BetaNYC’s Recommendations: (sorry for the formatting error, working to change that.)

The following has sourced from BetaNYC’s experience and allies.

Improve the format of the following 60 datasets < http://bit.ly/1wtKn3u >.

By default, provide geospatial support for all datasets that have an address.

Improve constituent feedback mechanisms.

  • Perform constituent user testing to see how the City’s web portal works for them.
  • From data set requests, to in-dataset comments, to general usability issues, constituent comments need better visibility and connectivity to the data ecosystem.
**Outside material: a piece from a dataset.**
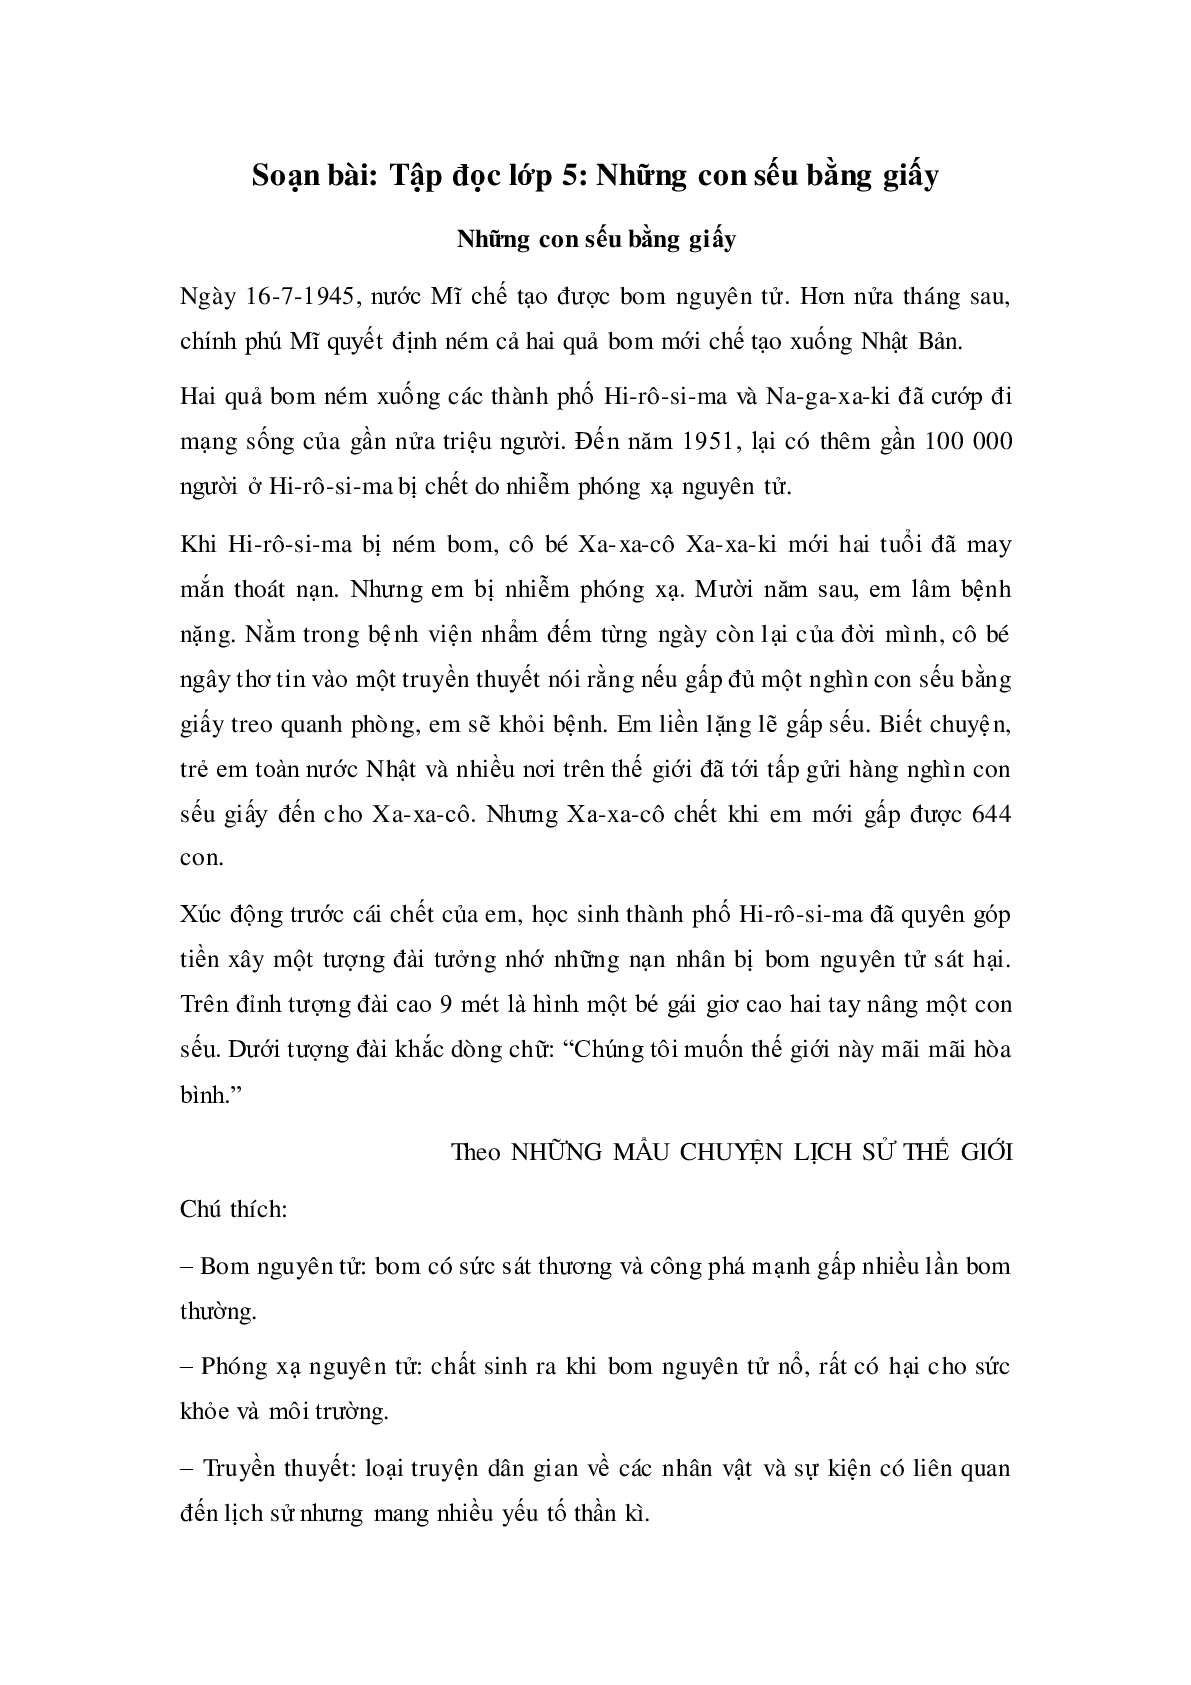 Soạn Tiếng Việt lớp 5: Tập đọc: Những con sếu bằng giấy mới nhất (trang 1)

To start, we recomend joining our NYC Open Data Fidelity Workgroup < http://bit.ly/nyc-od-wg >.
  • Similar to GovLab’s open data 500, look at who is consuming NYC’s open data and how it can be improved. At a minimum, the city should see out its top 100 active users.
  • Similar to the Chicago’s open data blog, the city should have a one stop shop on dataset updates and improvements.

Use the Freedom of Information Law (FOIL) as a feedback mechanism.
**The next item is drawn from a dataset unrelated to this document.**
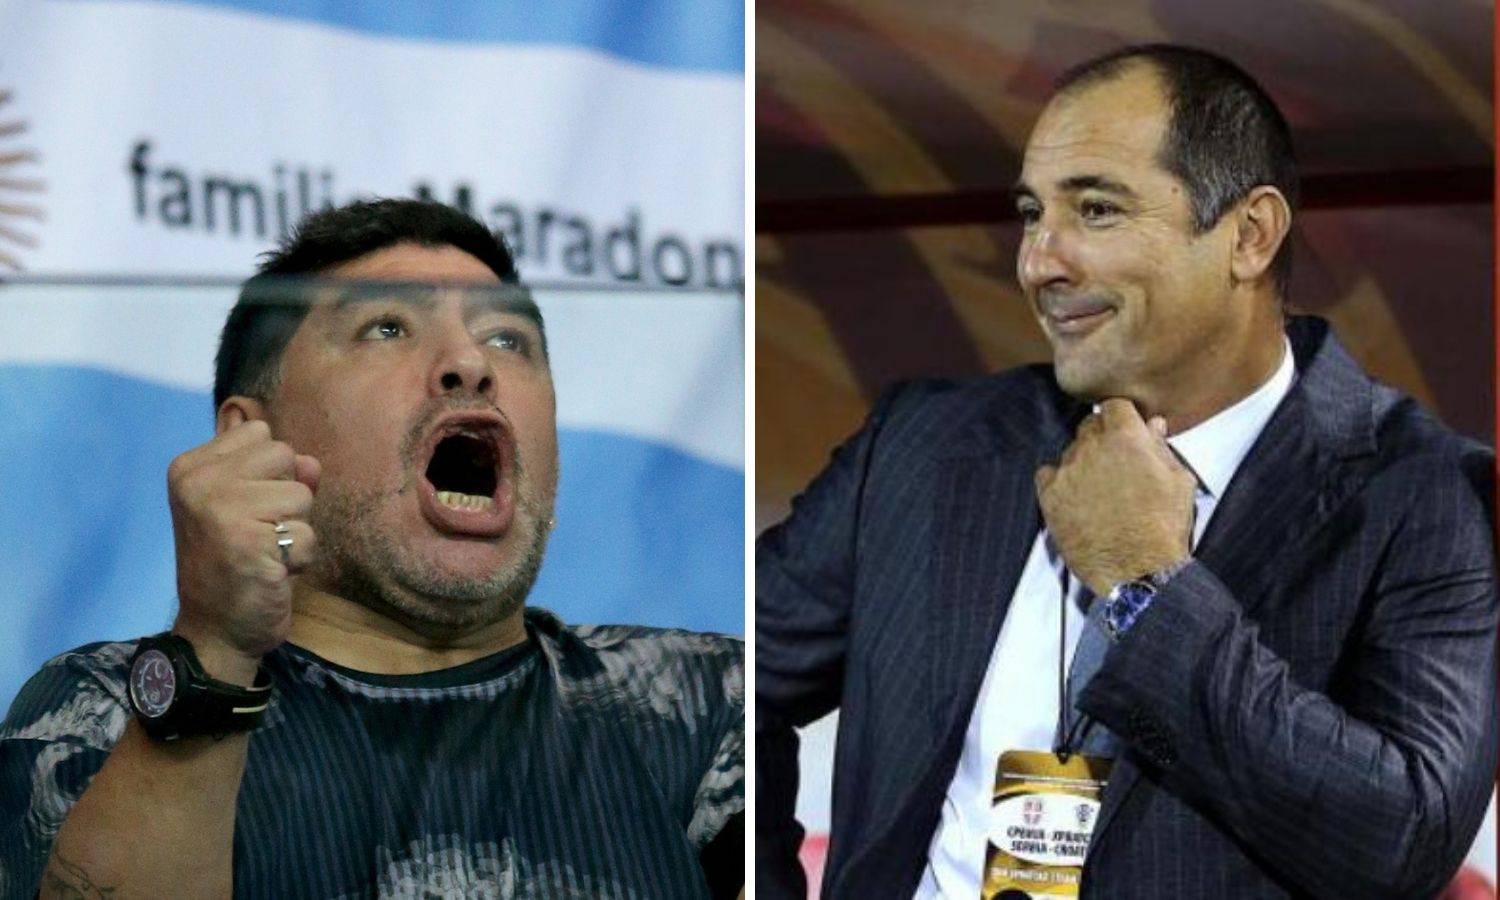 Štimac: Maradona mi nije zabio gol, a morao je van s terena kad smo se sudarili na utakmici...

  • We think that the proposed NYC Open FOIL legislation takes us in a direction that will update and modernize the City’s FOIL practice. We call on the Mayor’s office to work with the Council to pass this bill.
  • In the meantime, all FOIL officers and the City’s open data team should be looking at FOIL requests as a way to lower the burden of FOIL responses.
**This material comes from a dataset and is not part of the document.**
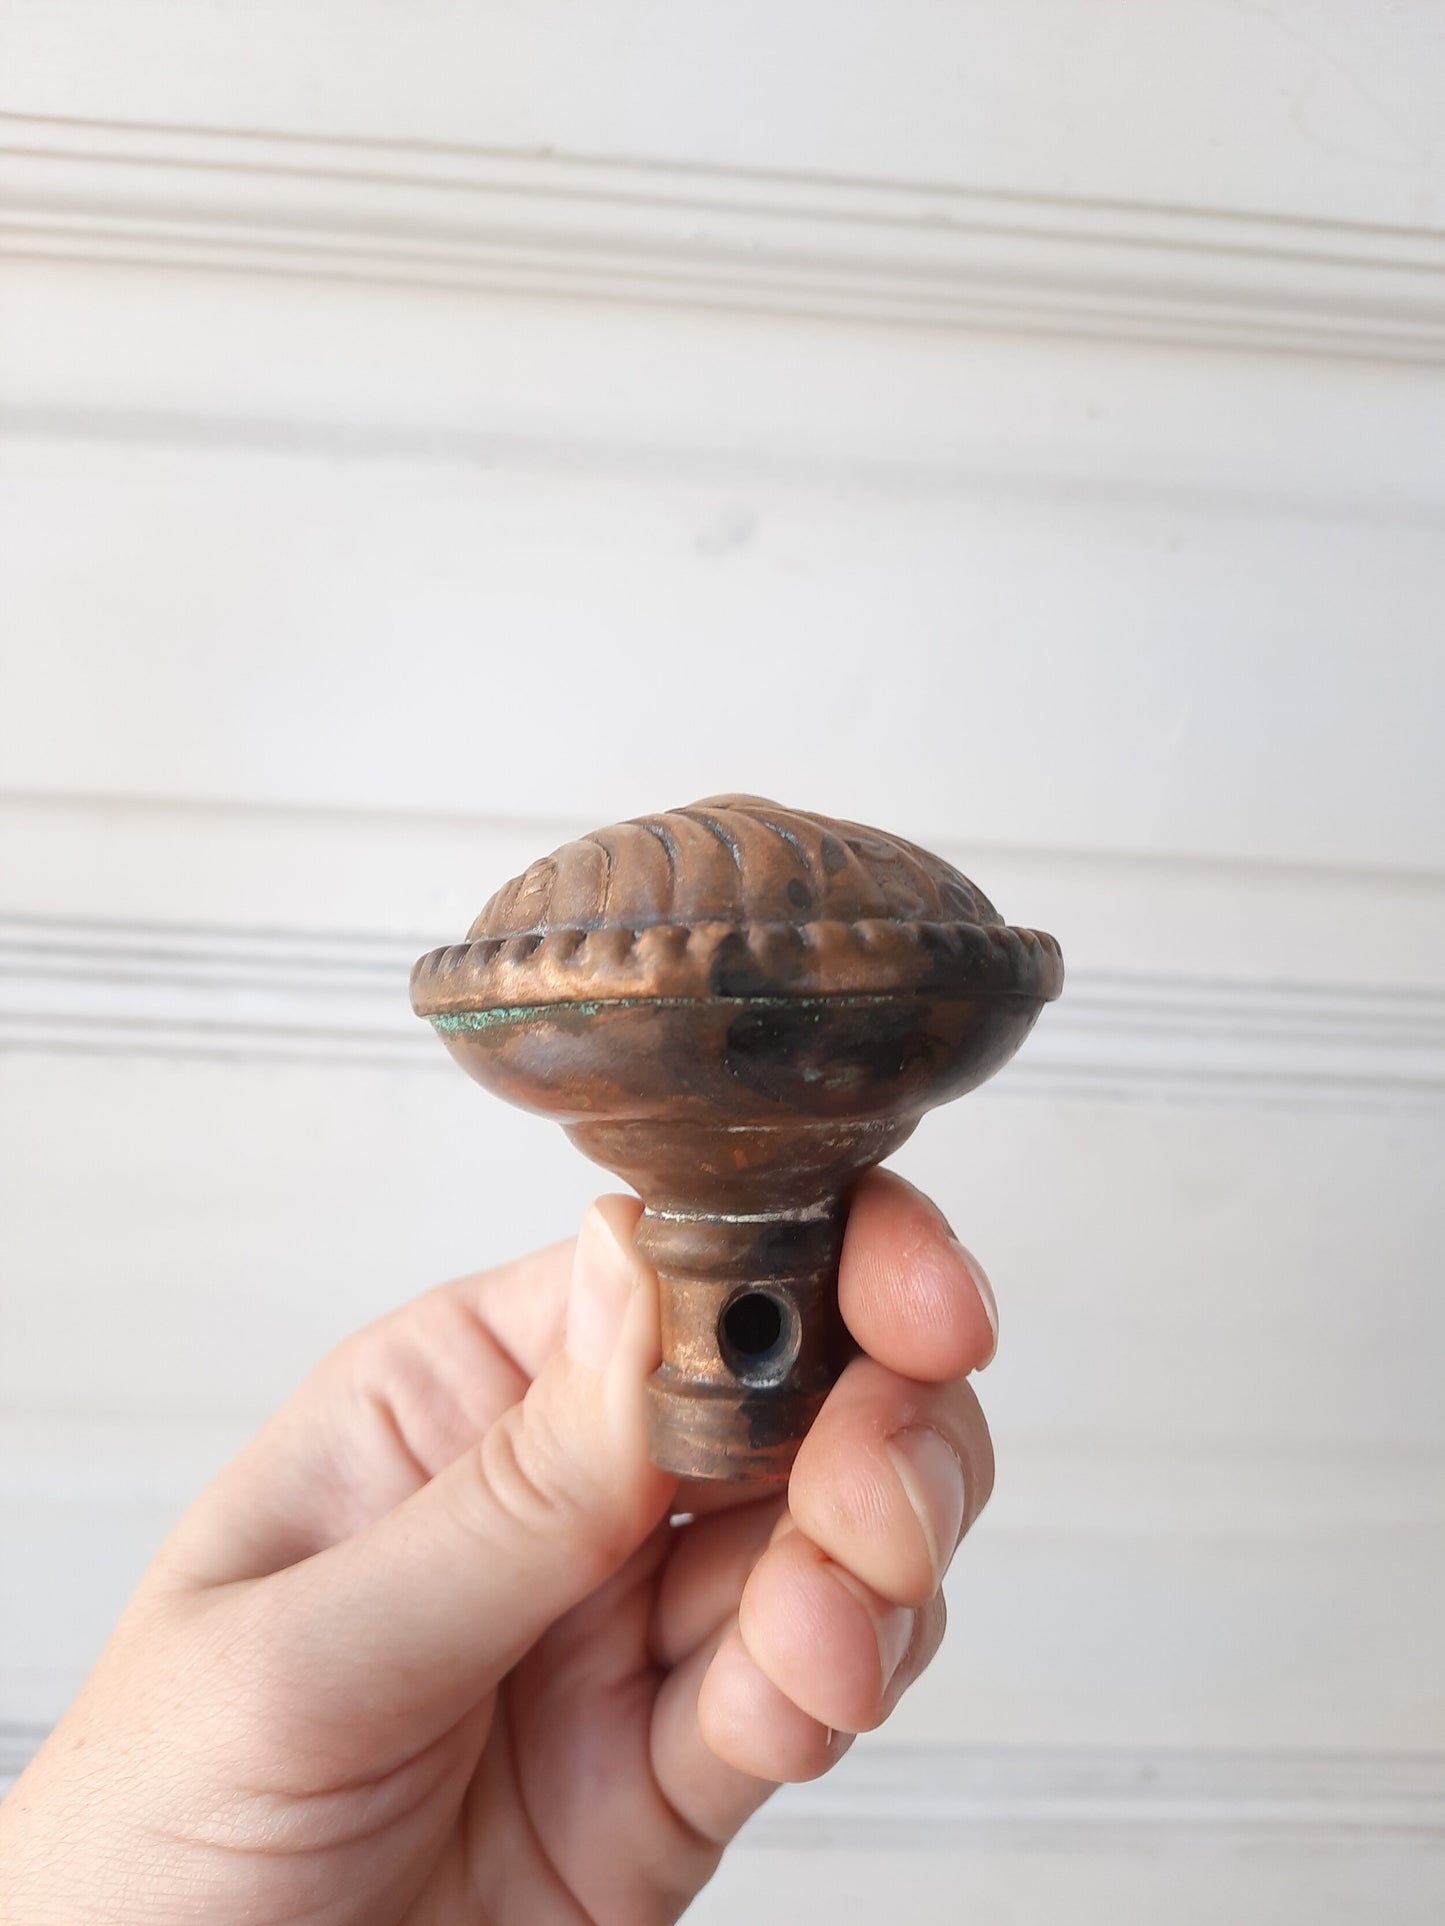 Roanoke Antique Brass Doorknob, Ornate Victorian Stamped Bronze Door Knob

Update the City’s open data tech manual.

  • It has been two years since this document was written. Many open data practices have improved and we would love to ensure that the city’s data policy is maintained for the 21st Century.
  • >We would love to work with the city to review the City’s open data tech manual and update it.
  • Explore alternative tools that federate with the existing open data portal and enable large data set sharing.

  • Explore open and safe data sharing protocols like bittorrent & pubsubhubbub.
  • Empower agencies to host more data and share data from within their walls.

Dataset Documentation

  • A majority of the city’s data is self explanatory for someone who is a subject matter expert. For the City’s data to be maximized, datasets must have better documentation.

Crash Data

  • “From Transportation Alternatives – We know the crash data is inaccurate and significantly under-reports crashes. For instance, earlier this month we pulled numbers for YTD fatalities getting 164 for this year compared to 189 last year. The City said it was actually 195 vs 209. We know the City is aware of the problem but hasn’t told the public that the site under reports crashes.”
  • Need: Timeline for fixing data quality.
    • Many crashes have intersections but aren’t geocoded.
    • Representation of deaths is inaccurate.
    • There is an overwhelming number of “unspecified” contributing factors. How can this be the case?
  • Need: Add injury types – in the event of an injury crash, add severity of injury.
  • Need: Add if Collision Investigation Squad was called in injury crashes.
  • Need: Add types of citations handed out to individuals.

NYCHA Data

  • For an organization that houses the City of Oakland, it is shocking that NYCHA only produces 15 datasets. There is very little transparency, and this needs to change.
  • It is appalling to read stories of how our public housing programs are physically broken. While we don’t feel that data will immediately improve the lives of those in public housing, we need the Mayor and the Council to lean on NYCHA and have them release their performance reports and data in machine readable formats. We should know how long it takes to fix elevators, doors, lights, and other fundamental quality of living issues.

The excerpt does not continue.